Address = workchain + hash

A standard (internal) address consists of:
  • workchain (int8) — currently masterchain (-1) or basechain (0)
  • hash (aka “account ID”, uint256) — 256 bits
address has methods to retrieve these properties:
fun checkAddress(addr: address, expectHash: uint256) {
    val (wc, hash) = addr.getWorkchainAndHash();
    assert (wc == BASECHAIN) throw 123;
    assert (hash == expectHash) throw 456;
}
At the binary level, address occupies 267 bits: ‘100’ (standard address no anycast) + workchain + hash. For a detailed description, see Addresses overview in TON. During deserialization (for example, when a message contains an address field), the value is automatically validated. If parsing succeeds, the resulting address is guaranteed to be valid.

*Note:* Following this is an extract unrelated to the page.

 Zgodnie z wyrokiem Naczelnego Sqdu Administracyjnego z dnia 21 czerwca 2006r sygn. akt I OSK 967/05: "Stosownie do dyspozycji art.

Operator == works for addresses

Compare addresses using == or !=. Internally, it is represented as a binary slice without references, that’s why == just tests for bits equality.
struct Storage {
    owner: address
    // ...
}

fun onInternalMessage(in: InMessage) {
    var st = loadStorage();
    // process a message only from owner
    if (in.senderAddress == st.owner) {
        // ...
    }
}

Embedding a const address into a contract

A constant address can be embedded using the address() function:
const REFUND_ADDR = address("EQCRDM9h4k3UJdOePPuyX40mCgA4vxge5Dc5vjBR8djbEKC5")

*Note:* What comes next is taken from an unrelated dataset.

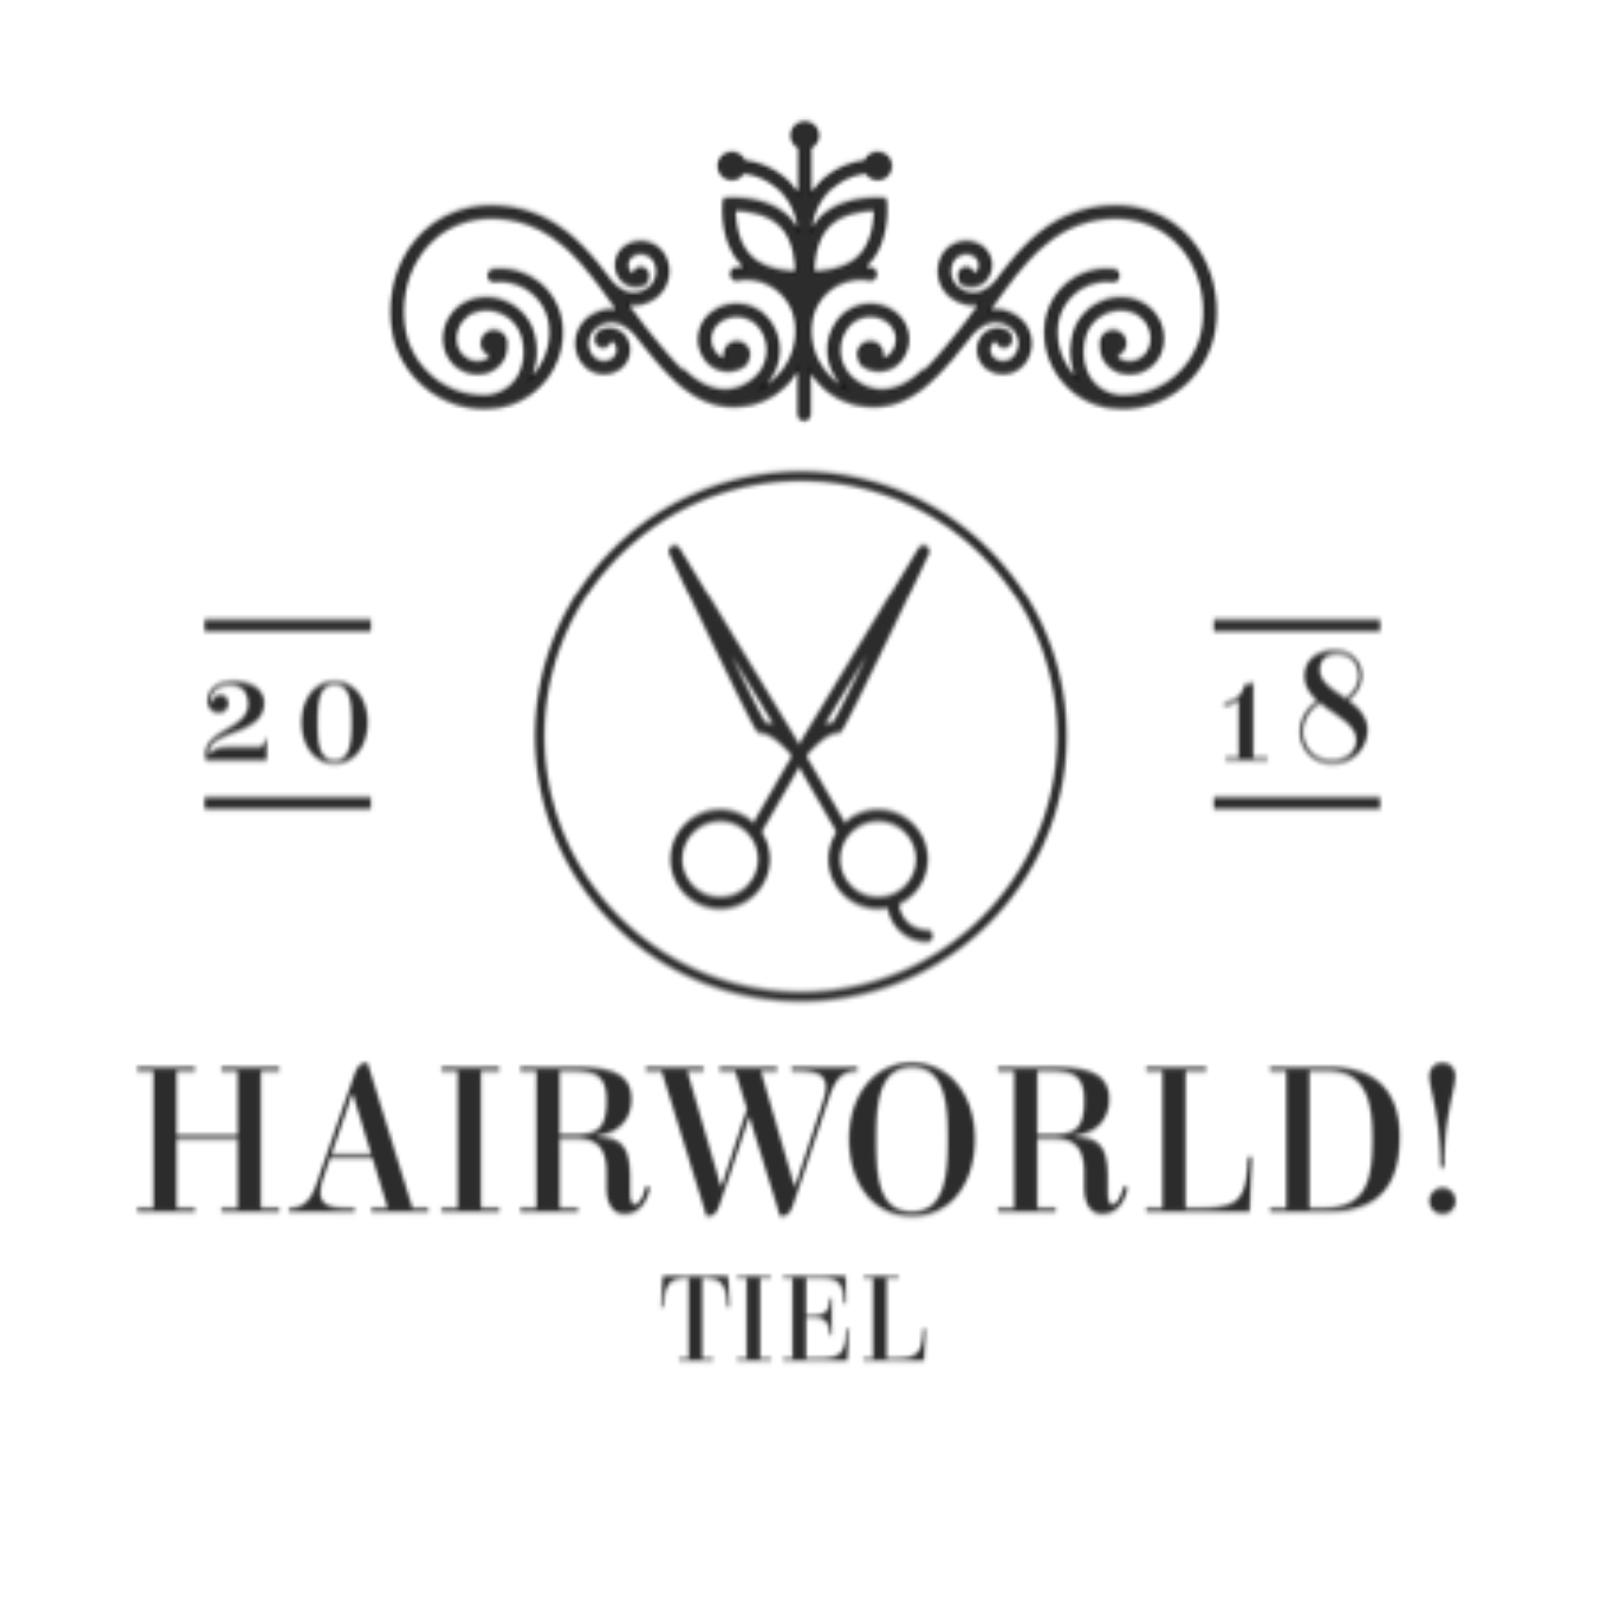 Hairworld! Tiel

Nullable address as “missing”

A nullable address is often used to represent a potentially absent value. Examples:
  • adminAddress in a storage, but it may be unset
  • sendExcessesTo in a message — if exists, send money there; if not, keep on contract’s balance
Such a missing value is called “none address” in TON. So, address? means “internal or none”. From the type system perspective, it either holds an address or null. So, it must be checked for null before usage.
fun notify(adminAddress: address?) {   // may have no admin
    if (adminAddress == null) {
        return;
    }
    // send a message to adminAddress, it's not null
}
When null, it is serialized as ‘00’ — two zero bits, “addr_none”. So, address? is 2/267 bits. It aligns with client-side code. For example, storeMaybeAddress in TypeScript emits the same binary format.

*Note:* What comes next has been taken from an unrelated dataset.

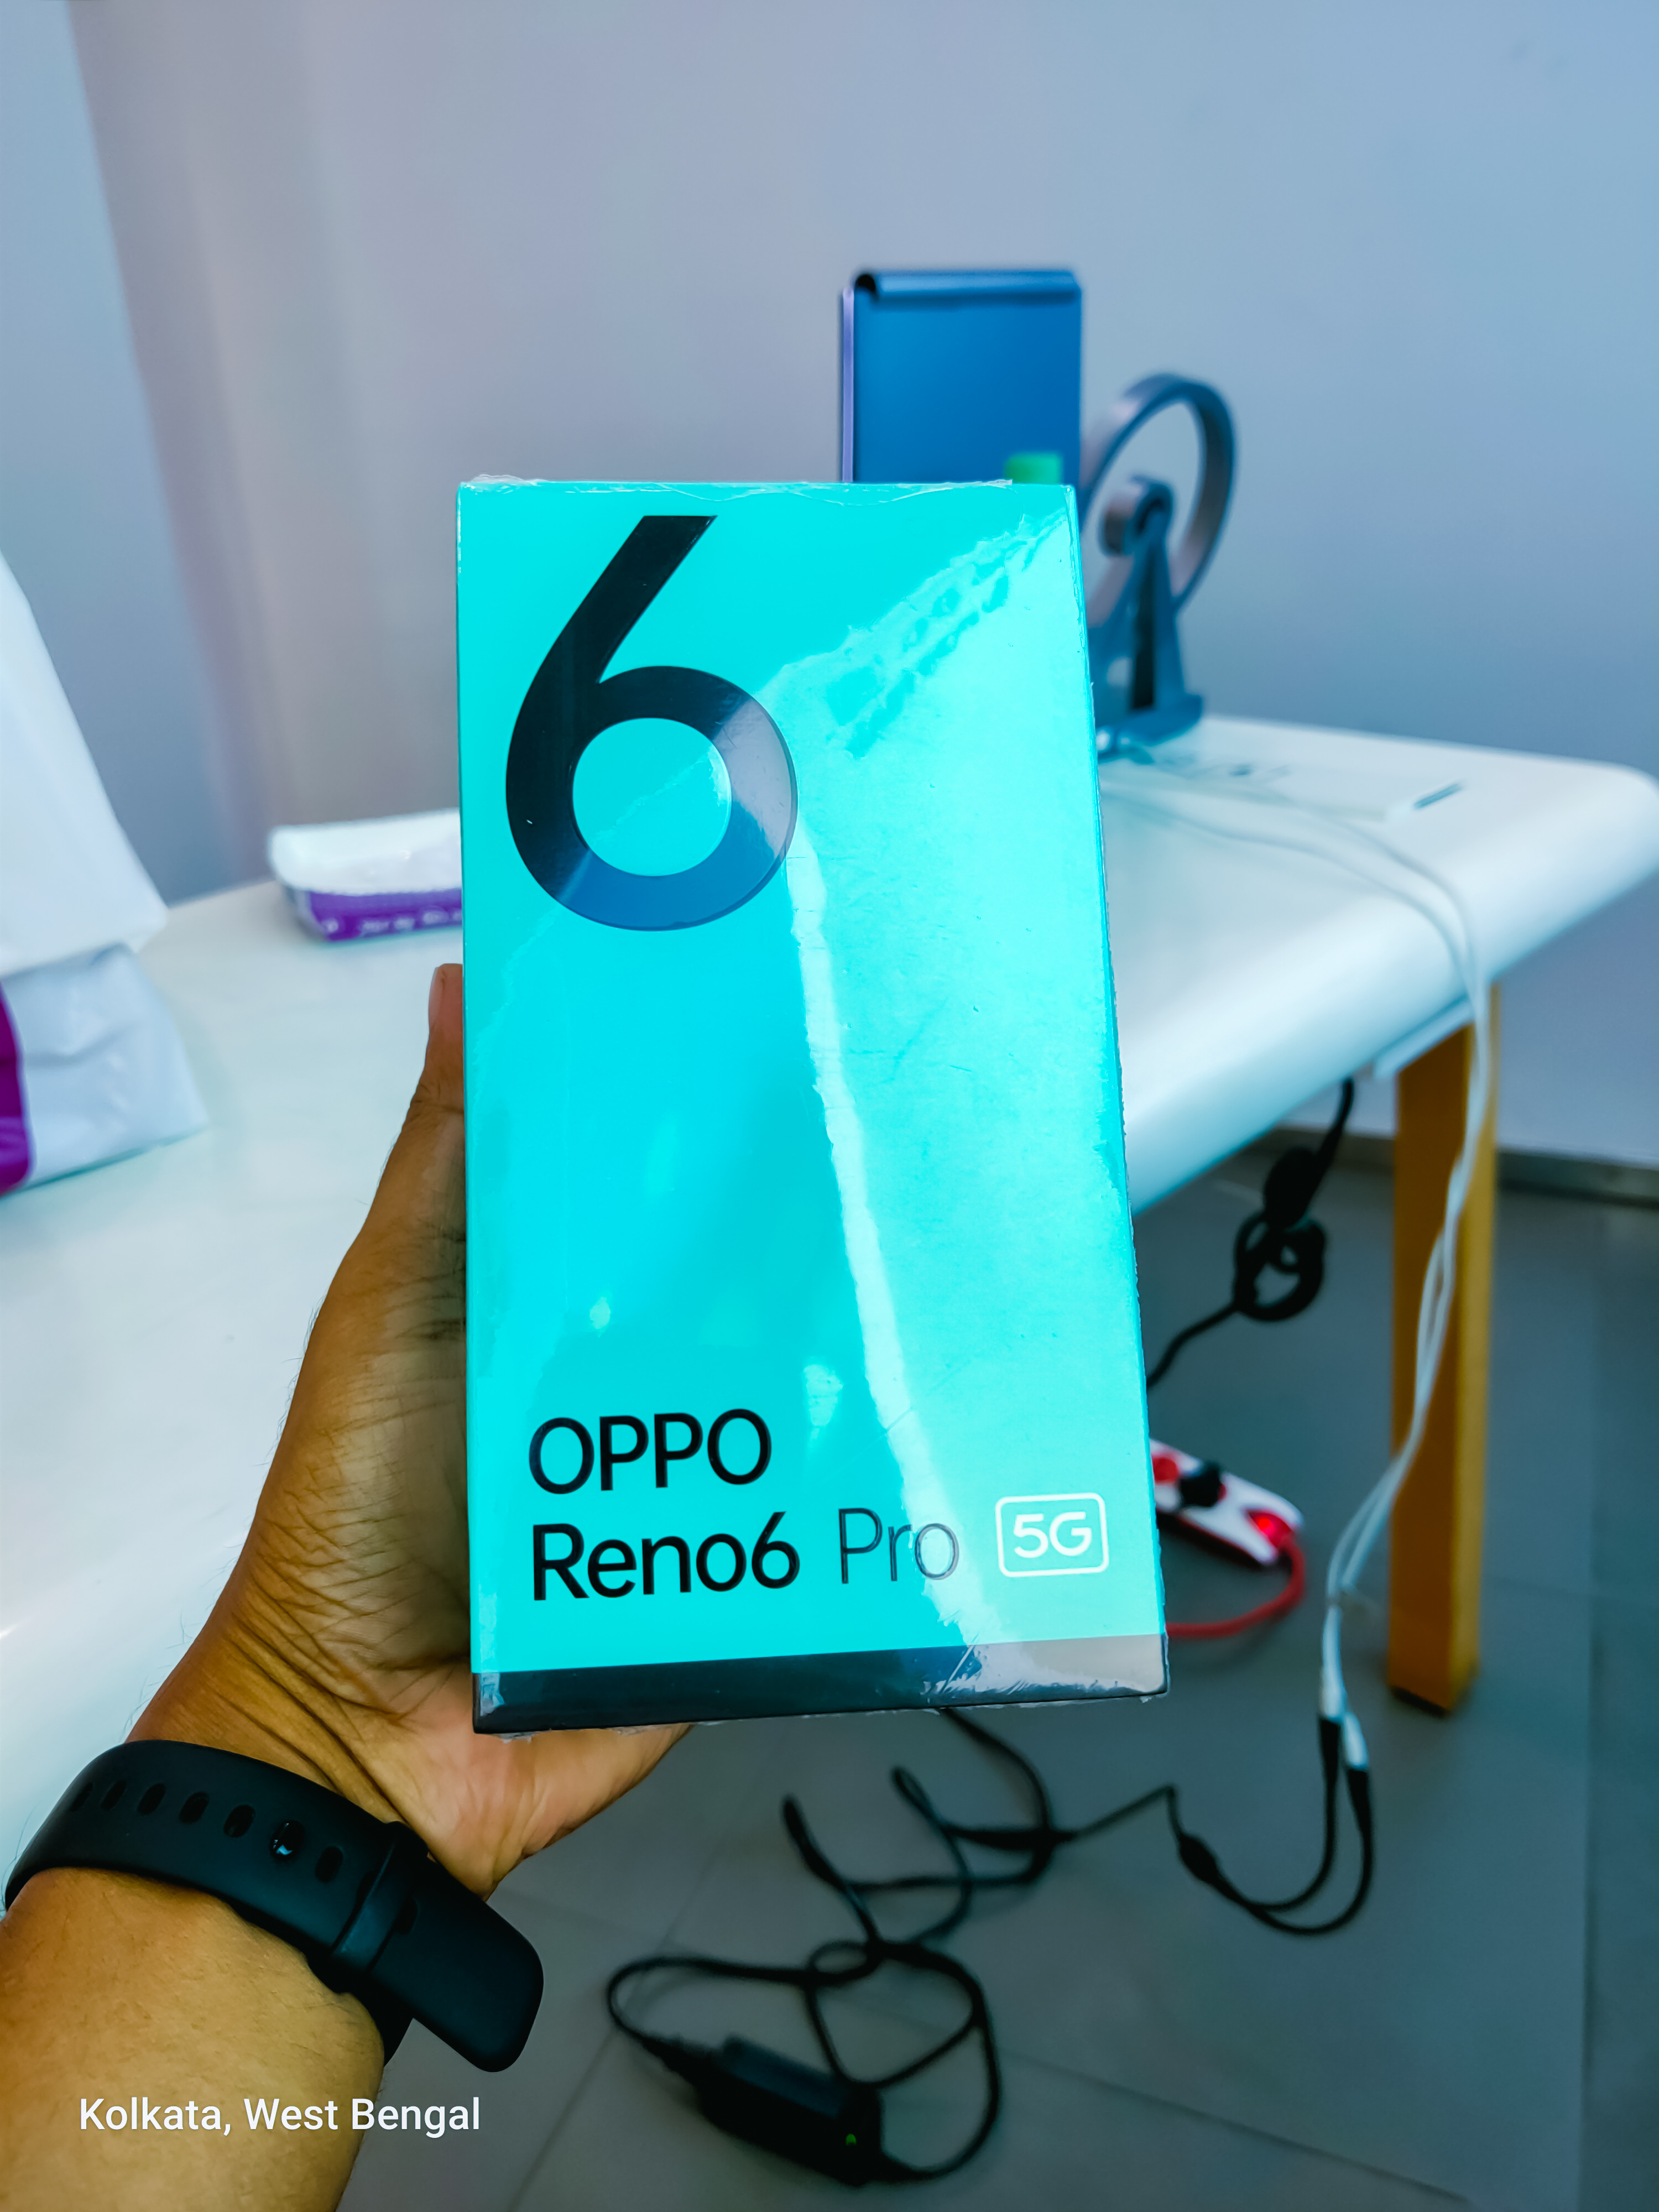 OPPO Reno6 Pro  UNBOXING

any_address — internal/external/none

TON also defines external addresses, although they are rarely used. To represent “any address valid for TON”, use any_address.
struct CrossBridgeMessage {
    destination: any_address
}
A compatible “none” address can be created using createAddressNone().

Casting to a slice and vice versa

To manually operate on the bits of an address, cast it to a slice:
val s = someAddr as slice;
s.loadUint(3);     // '100' — internal address no anycast
s.loadInt(8);      // workchain
Conversely, since an address is represented as a slice at the TVM level, this cast is permitted. For example, after constructing a builder with its binary representation:
var b = beginCell()
       .storeUint(0b01)   // addr_extern
       ...;
var s = b.endCell().beginParse();
return s as any_address;
Such a transformation is unsafe, because no validation is performed at runtime. It may lead to an invalid address, and further getWorkchain() or serialization will fail.

Stack layout and serialization

An address is backed by TVM SLICE, just binary data. “Internal” is 267 bits: ‘100’ + workchain + hash. “None” is ‘00’ (two zero bits). For details, follow TVM representation and Serialization.